Member of Parliament for Dayi East
- In office 24 September 1979 – 31 December 1981
- President: Hilla Limann
- Preceded by: Daniel Kwasi Avoke (1969–1972)
- Succeeded by: Ceased to exist
- Constituency: Dayi East

19th Minister for Food and Agriculture (Ghana)
- In office December 1980 – 31 December 1981
- President: Hilla Limann
- Preceded by: E. K. Andah
- Succeeded by: Bortei Doku

10th Volta Regional Minister
- In office December 1979 – December 1980
- President: Hilla Limann
- Preceded by: Lt. Colonel G. K. Amevor (Regional Commissioner)
- Succeeded by: F. Q. Amegah

Personal details
- Born: 16 November 1939 Liati Wote, Gold Coast
- Died: 11 May 2016 (aged 76)
- Resting place: Liati Wote, Ghana
- Party: People's National Party
- Education: University of Ghana
- Profession: Lawyer

= Nelson Agbesi =

Ghanaian barrister and politician

Nelson Yawo Avega Agbesi (1939–2016) was a Ghanaian barrister and politician.

==Early life and education==
Nelson Agbesi was born on 16 November 1939 at Liati Wote in the then Trans-Volta Togoland and later Gold Coast but now in the Volta Region of Ghana. Between 1956 and 1961, Nelson received his secondary education at Mawuli School where he obtained the GCE Ordinary level and Advanced level. He entered the University of Ghana where he read law. He completed in 1964, graduating with the Bachelor of Arts Honours in Law.
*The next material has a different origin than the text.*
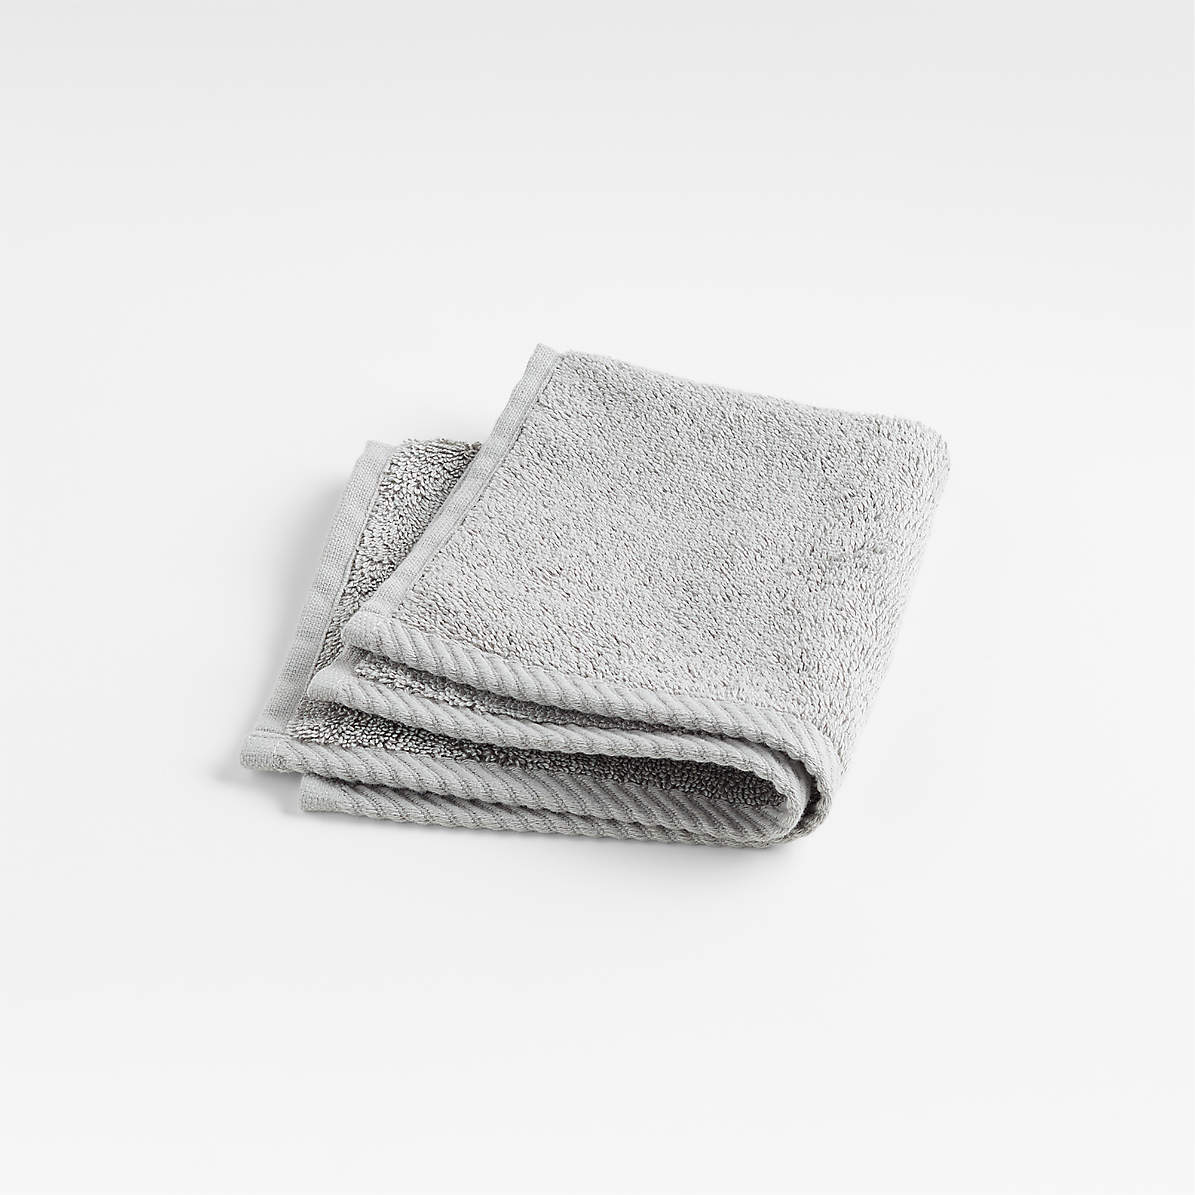 Find 3-Pack Washcloths  Grey Chevron/White Solid/Grey Solid Kushies at  cheap cost

He continued to the Ghana Law School which he completed in 1996. He was called to the Bar in October 1966.

==Law career==
Agbesi first worked as a junior legal practitioner with Lynes Quarshie Idun and partners between 1966 and 1969. He became the senior partner Ameyi Chambers from 1969 until 1979 when he became a member of parliament. He rejoined the Ameyi Chambers in November 1982. On 15 March 1989, he established the Afadzato Chambers in Accra.

==Politics==

Agbesi was a member of the People's National Party. He contested the 1979 Ghanaian general election and won the East Dayi seat. He became a Member of Parliament from 24 September 1979 until parliament was dissolved and the constitution suspended on 31 December 1981.

Agbesi was made a Minister of State by President Hilla Limann. He was first appointed the Volta Regional Minister in December 1979. He held this post until December 1980 when he was shifted to Minister for Food and Agriculture replacing E. K. Andah in a cabinet reshuffle. He held this position until the 1981 Ghanaian coup d'état replaced the Limann government with the Provisional National Defence Council of Jerry Rawlings. Agbesi was detained at Nsawam Prisons following the coup. No adverse findings were made against him by the National Investigations Committee so he was released from custody.

==Other activities==
Agbesi was a member of the Lions Clubs International. He was made a District Governor and the Melvin Jones Fellowship for his meritorious services. The Tema Supreme Lions Club built the Lion Nelson Agbesi Solar Learning Shed on the Yatsovukope Island on the Volta Lake in his honour to help children have a place of study after school. Agbesi was instrumental in getting the Lions Club to help finance a Community Clinic at Liati Wote in 2004.

==Family==
Agbesi's parents were Patrick Kosi Avega who was Mankrado Adzotsomor III of Liati Wote and Philomena Akosuavi Masroh of Agu Akumawu in the Togo. He was married to Nayra Klu for 47 years until his death. He had seven children. He was laid to rest in a mausoleum near his residence at Liati Wote in the Volta Region.